* **WORK TASK**: Please reproduce all of the data below exactly, leaving each picture out.

* **DATA EXCERPT**:
════════════════════
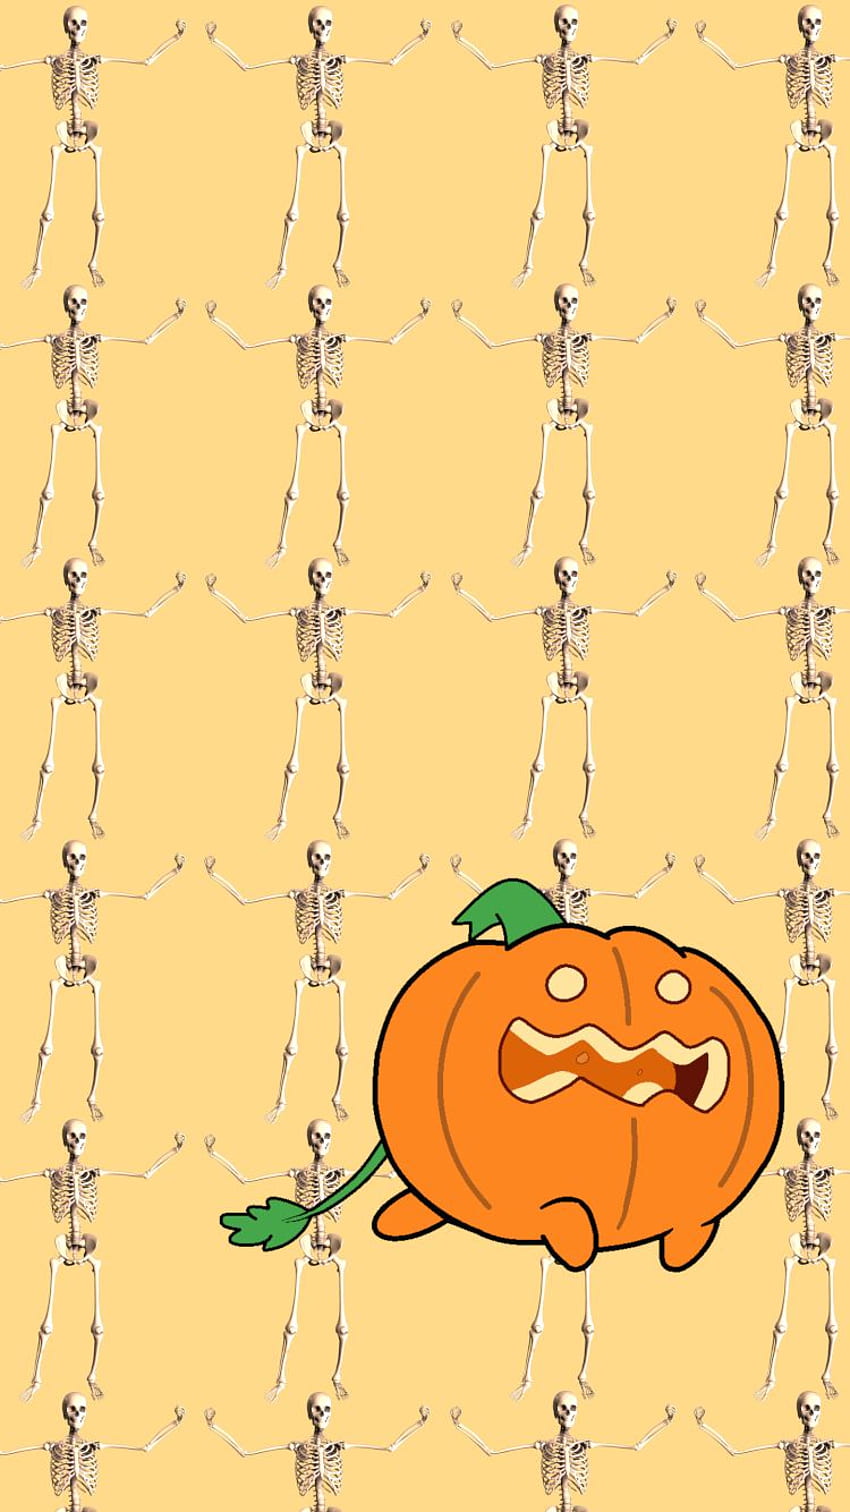 Spooky Scary Skeletons I made another . Link to my HD phone wallpaper
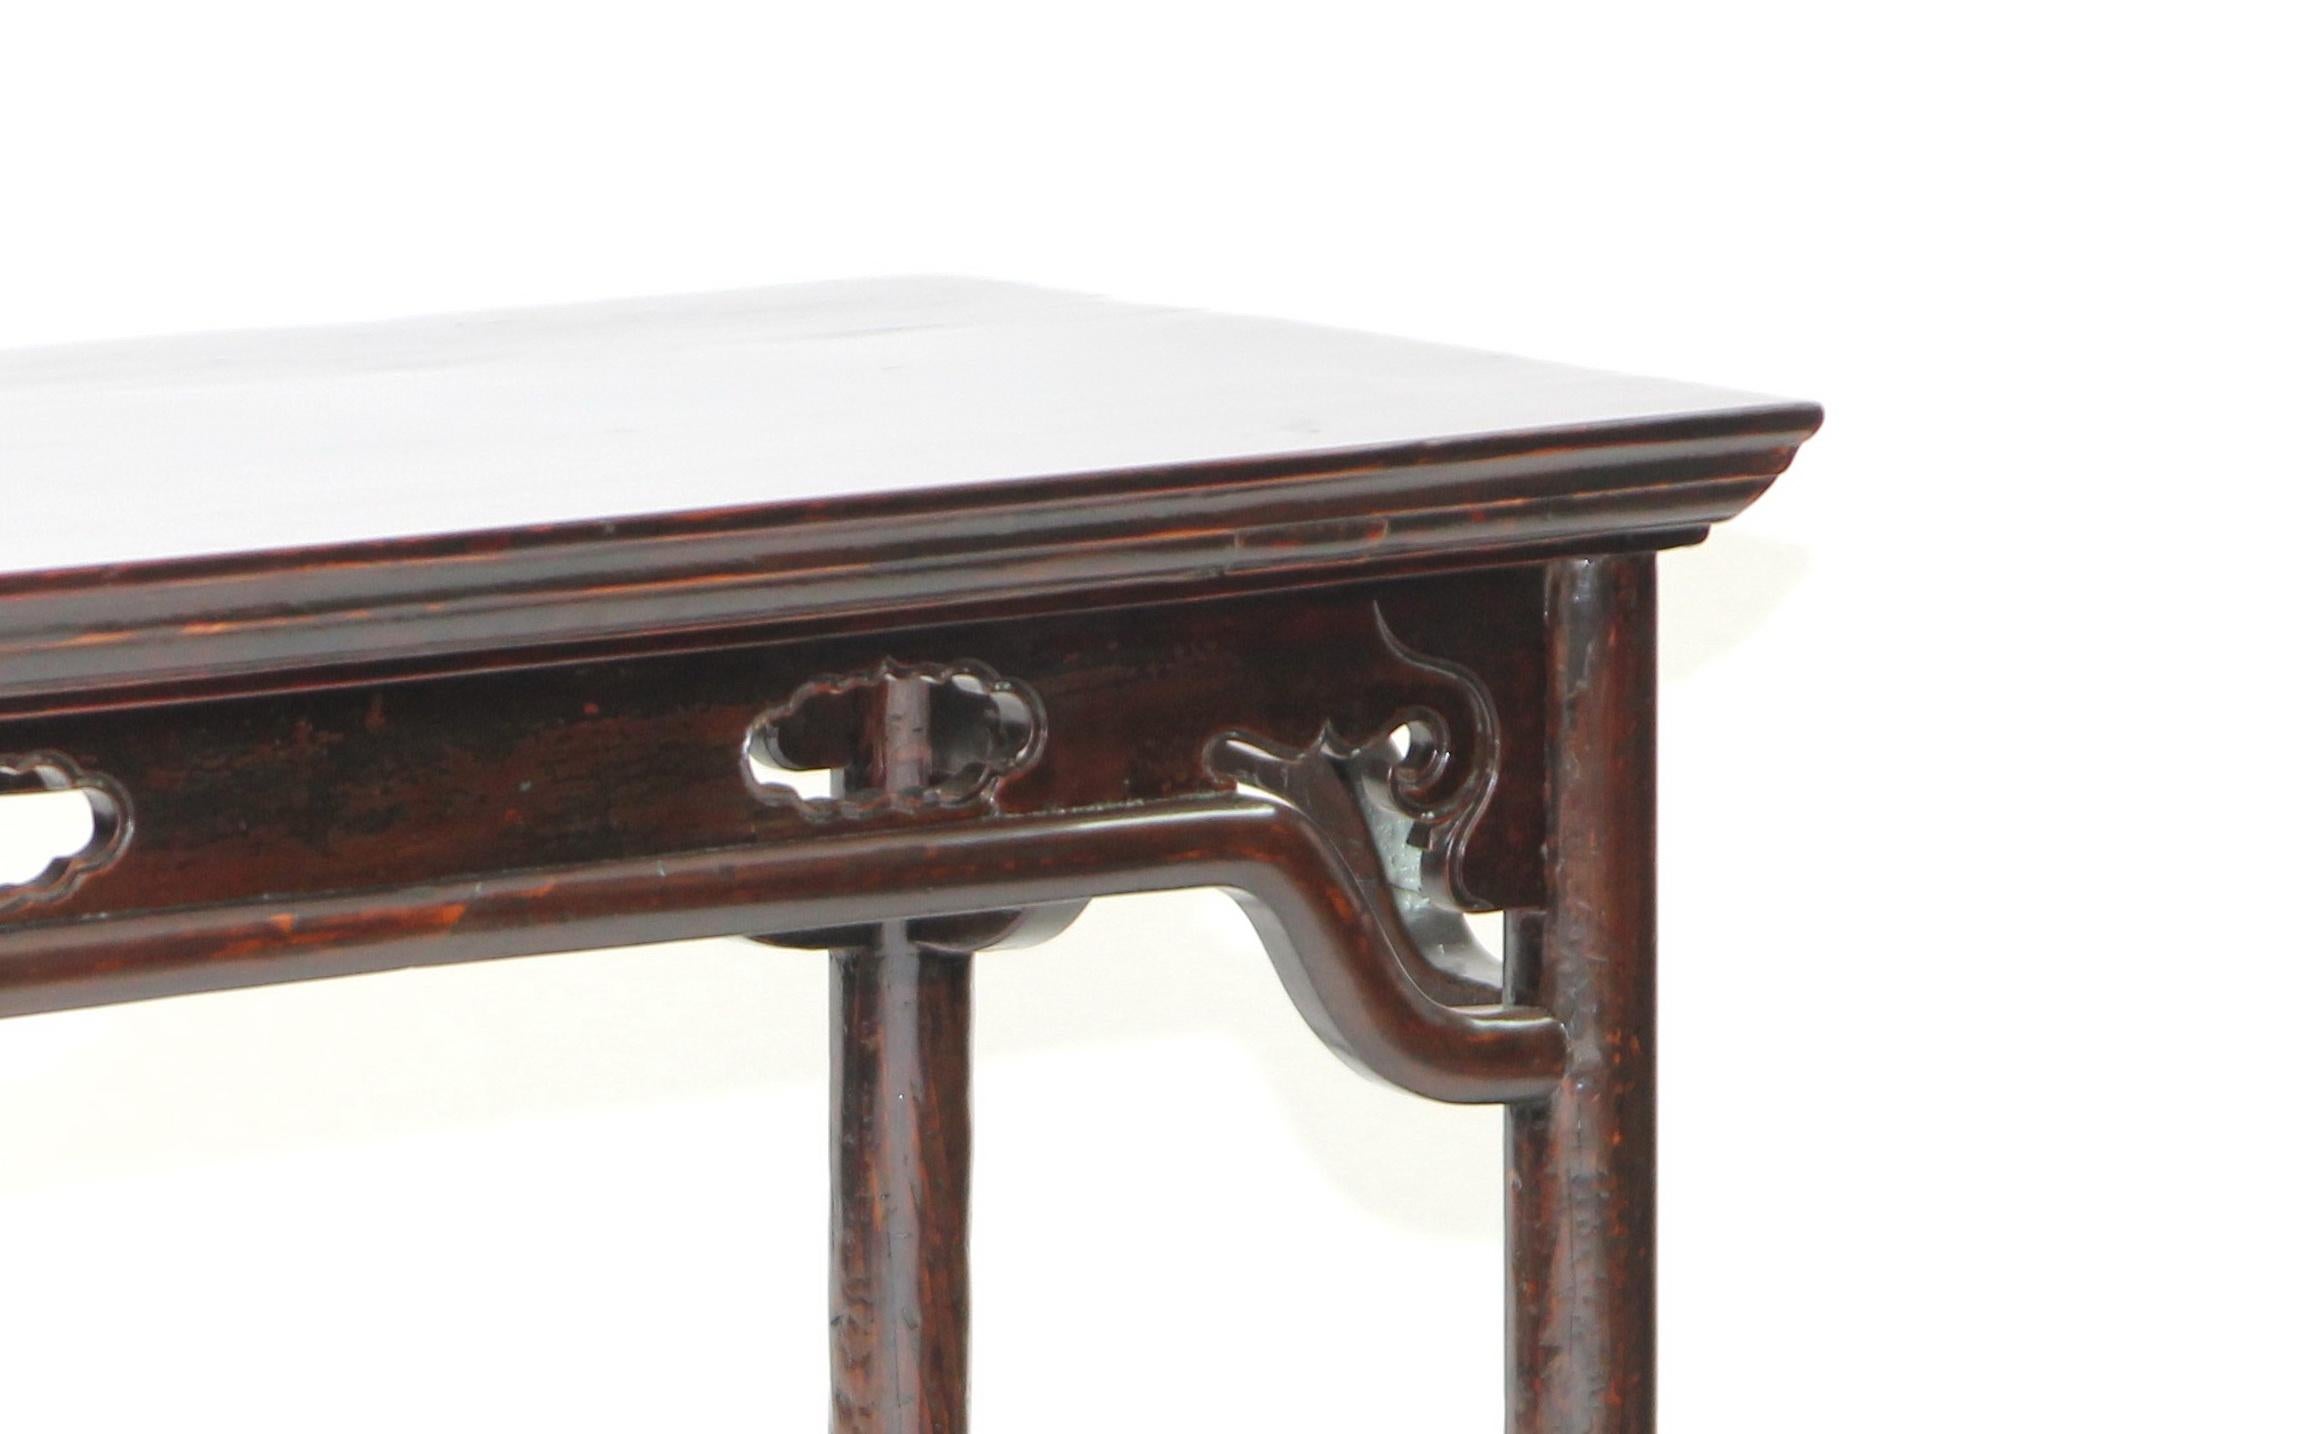 Hand-Carved Antique Chinese Table with Open-carved Aprons and Attached Humpback Stretchers
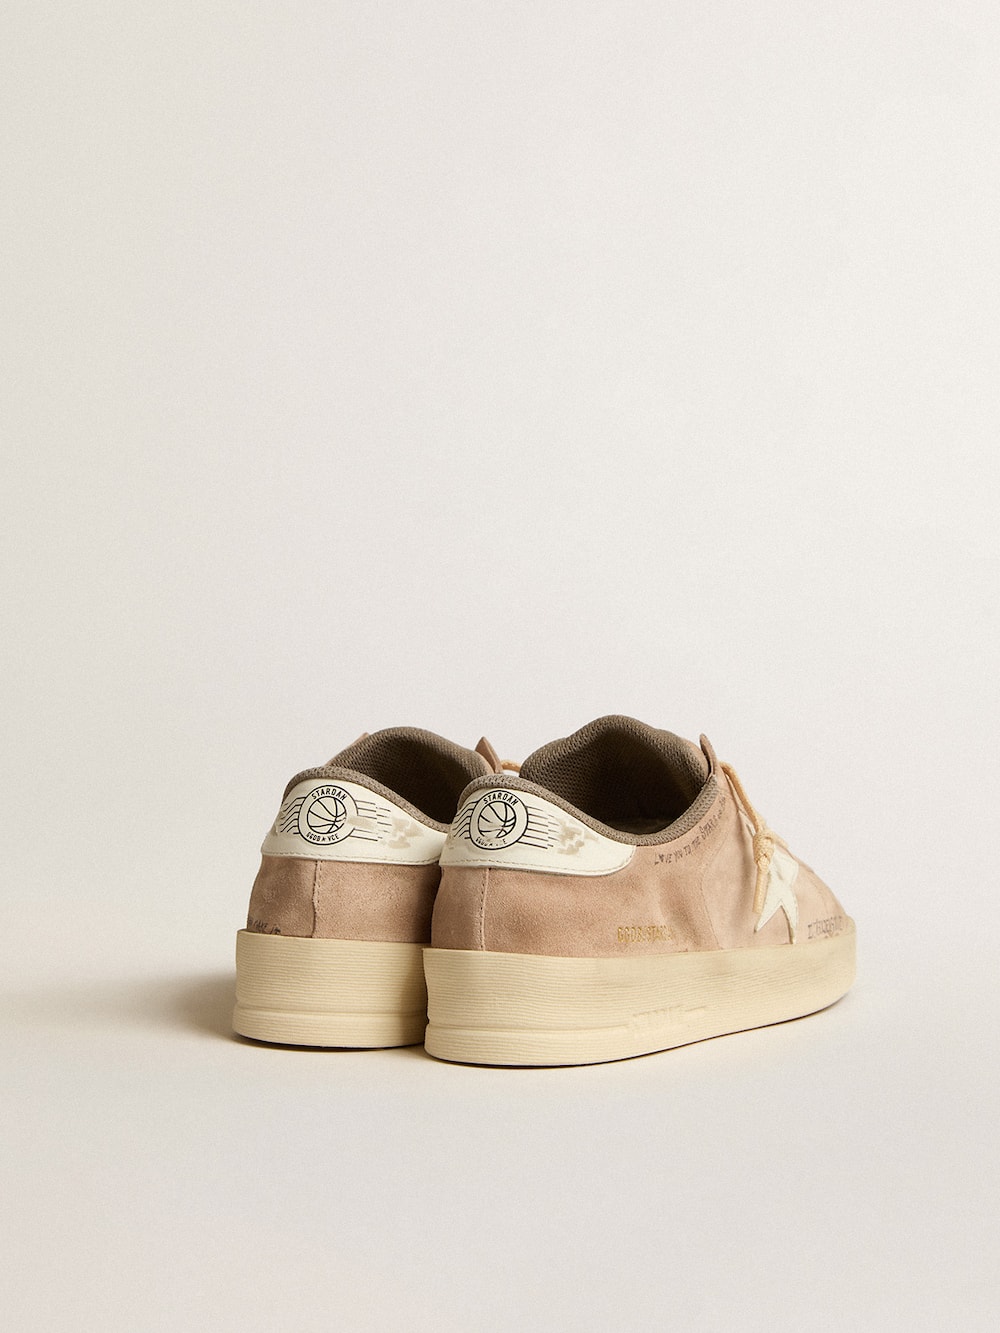 Golden Goose - Stardan in old rose suede with white leather star and heel tab in
════════════════════
* **REPLY**:
 Spooky Scary Skeletons I made another . Link to my HD phone wallpaper
 Hand-Carved Antique Chinese Table with Open-carved Aprons and Attached Humpback Stretchers
 Golden Goose - Stardan in old rose suede with white leather star and heel tab in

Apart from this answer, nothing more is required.